Князь огляделся — сесть было не на что. А впрочем…
— Садись на пол, ребята!
Нукеры охраны с удивлением наблюдали, как урусы, вместо того, чтобы дожидаться приёма на ногах, как все посетители, рассаживались вдоль стен. Сам князь привалился к каменной бабе и прикрыл глаза.
Вообще здешние порядки были таковы, что оставалось только вертеть головой от изумления. Во-первых, владимирское посольство
— Князь Ярослав, Повелитель Вселенной Бату-хан ждёт тебя! — вновь возник из-за занавеси толмач.
Ярослав дважды глубоко вдохнул и встал, направляясь к портьерам. Однако вход ему преградили два здоровенных нукера.
— К Повелителю нельзя входить с оружием, князь, — сказал переводчик.
Пришлось отдать и меч, и кинжал. Более того, наглый охранник охлопал Ярослава, ища спрятанное оружие. И это пришлось стерпеть.
В покоях Бату-хана царил полумрак, но прохлады не ощущалось — степное солнце уже набрало летнюю силу, калило нещадно, и войлочные стены не служили преградой наружному зною. Золотые светильники-чаши, заправленные жиром, ещё усиливали жару, добавляя к тому же аромат горелого жира.
Бату-хан сидел за дастарханом, уставленным блюдами, и князь поймал внимательный взгляд раскосых глаз. Рядом сидел старик в роскошном, но сильно засаленном халате, обгладывающий баранье рёбрышко. Глаз старика было не видно, и только изредка из узких щелей коротко просверкивало сталью.
— Приветствую тебя, величайший Повелитель Вселенной Бату-хан! — Ярослав церемонно поклонился. Толмач забормотал, переводя, и Бату коротко кивнул.
— Ты можешь сесть вот здесь, князь Ярослав, и взять себе мяса, — переводчик указал место возле дастархана. Ярослава передёрнуло, но он усилием воли сохранил полное спокойствие — надо же, какие обычаи у поганых, слуга гостю разрешает мясо со стола брать…
— Благодарствую, великий хан! — глядя прямо на Бату-хана, ответил князь, усаживаясь на указанное место. — Я прибыл сюда по зову твоему и жду указаний.
Памятуя, что отказ от предложенного угощения у монголов равнозначен оскорблению, Ярослав Всеволодович взял кусок хорошо прожаренного мяса и стал есть. Бату, выслушав переводчика, опять кивнул и заговорил.
— Немного не так ты сказал, князь Ярослав, — начал переводить толмач. — По зову моему, это верно, однако, очевидно, говорить следует тебе, не дожидаясь указаний. Повелитель говорит — излагай своё дело. Просьбу свою, князь Ярослав.
Ярослав положил недоеденый кусок мяса на край стола.

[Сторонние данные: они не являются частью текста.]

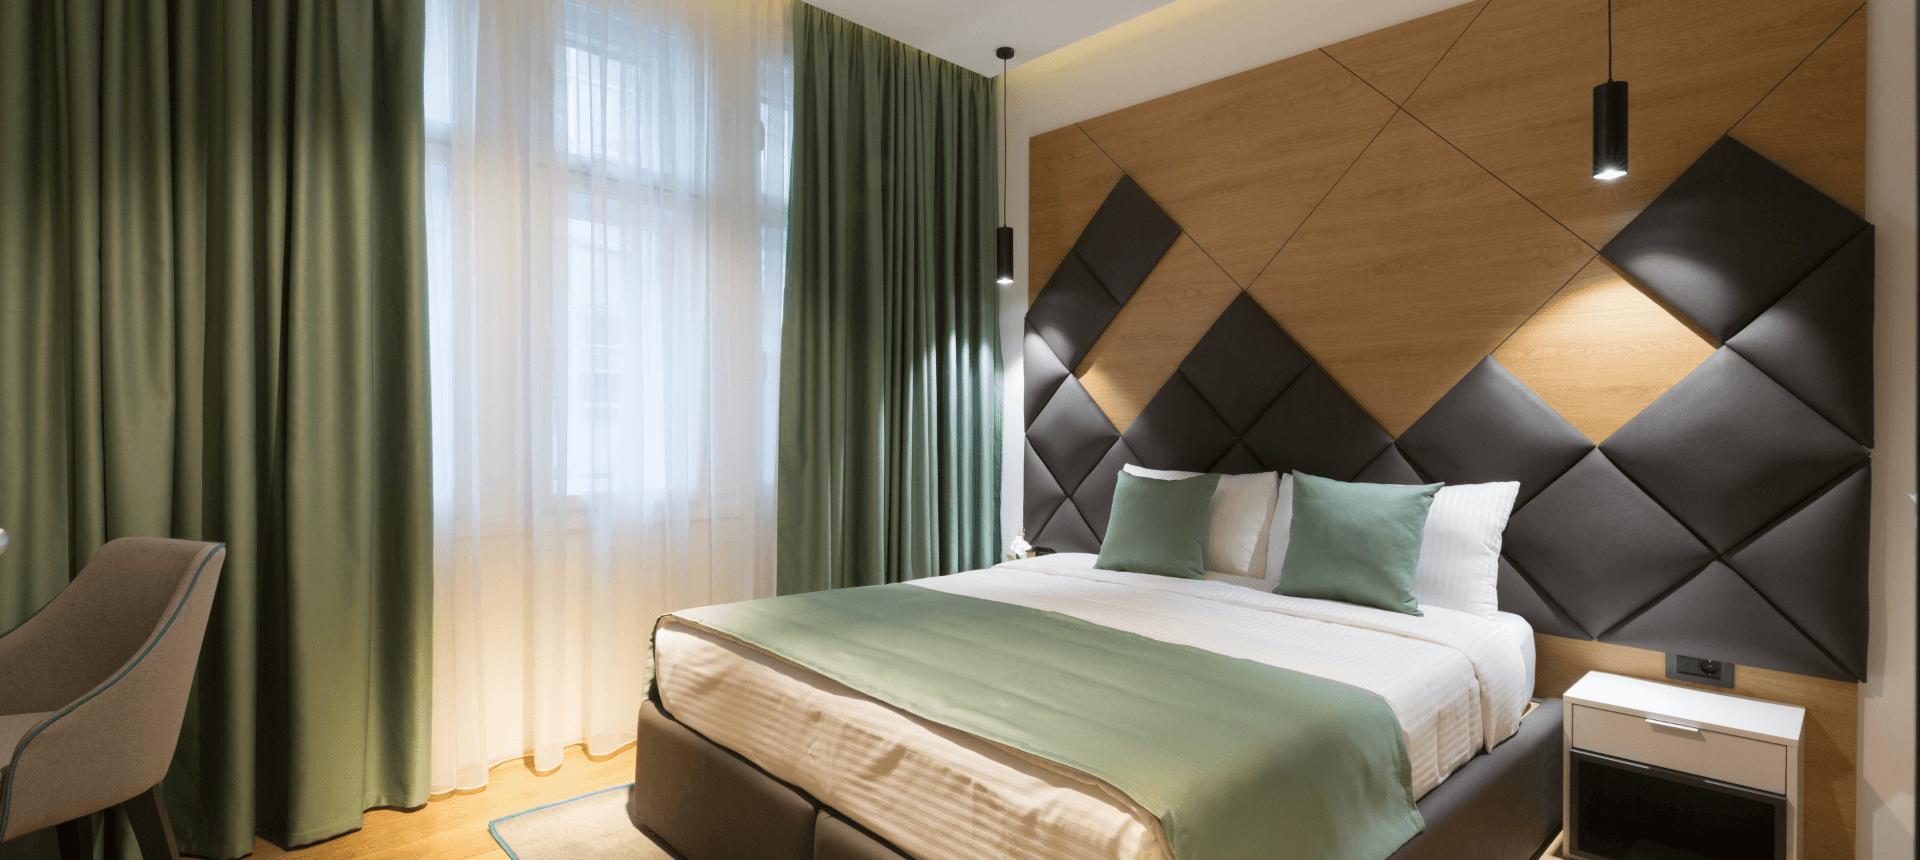 photo chambre hotel

— Как скажешь, Повелитель. Хочу я просить ярлык на право княжить над всеми землями русскими. И готов, само собой, заплатить за то великую дань…
… Боярин Борис Лукинич встрепенулся — из за портьер, пятясь, появился Ярослав Всеволодович. Развернулся на месте.
— А, ты здесь?
— Ну как? — вскочил на ноги боярин.
— Всё хорошо! — князь обернулся к стражнику, которому отдавал меч и кинжал. — Меч и прочее подай-ка, парень!
Стражник понял, кивнул и исчез, через минуту вернувшись с вещами. Князь Ярослав смотрел на протянутый ему меч с удивлением — вместо отличного меча в богатых золочёных ножнах монгол протягивал ему обшарпанный, явно трофейный.
— Это не мой! И кинжал не мой!
Нукер, невозмутимо улыбаясь, положил принесённое на ковёр и отошёл, застыв истуканом возле прохода в покои Бату-хана. Ярослав смотрел на наглеца, тяжело дыша и сжимая кулаки. Дать в морду? Он с оружием, и другие тут стоят… Идти жаловаться назад, самому Бату-хану, мимо этого прорываться? Глупо, как унизительно глупо…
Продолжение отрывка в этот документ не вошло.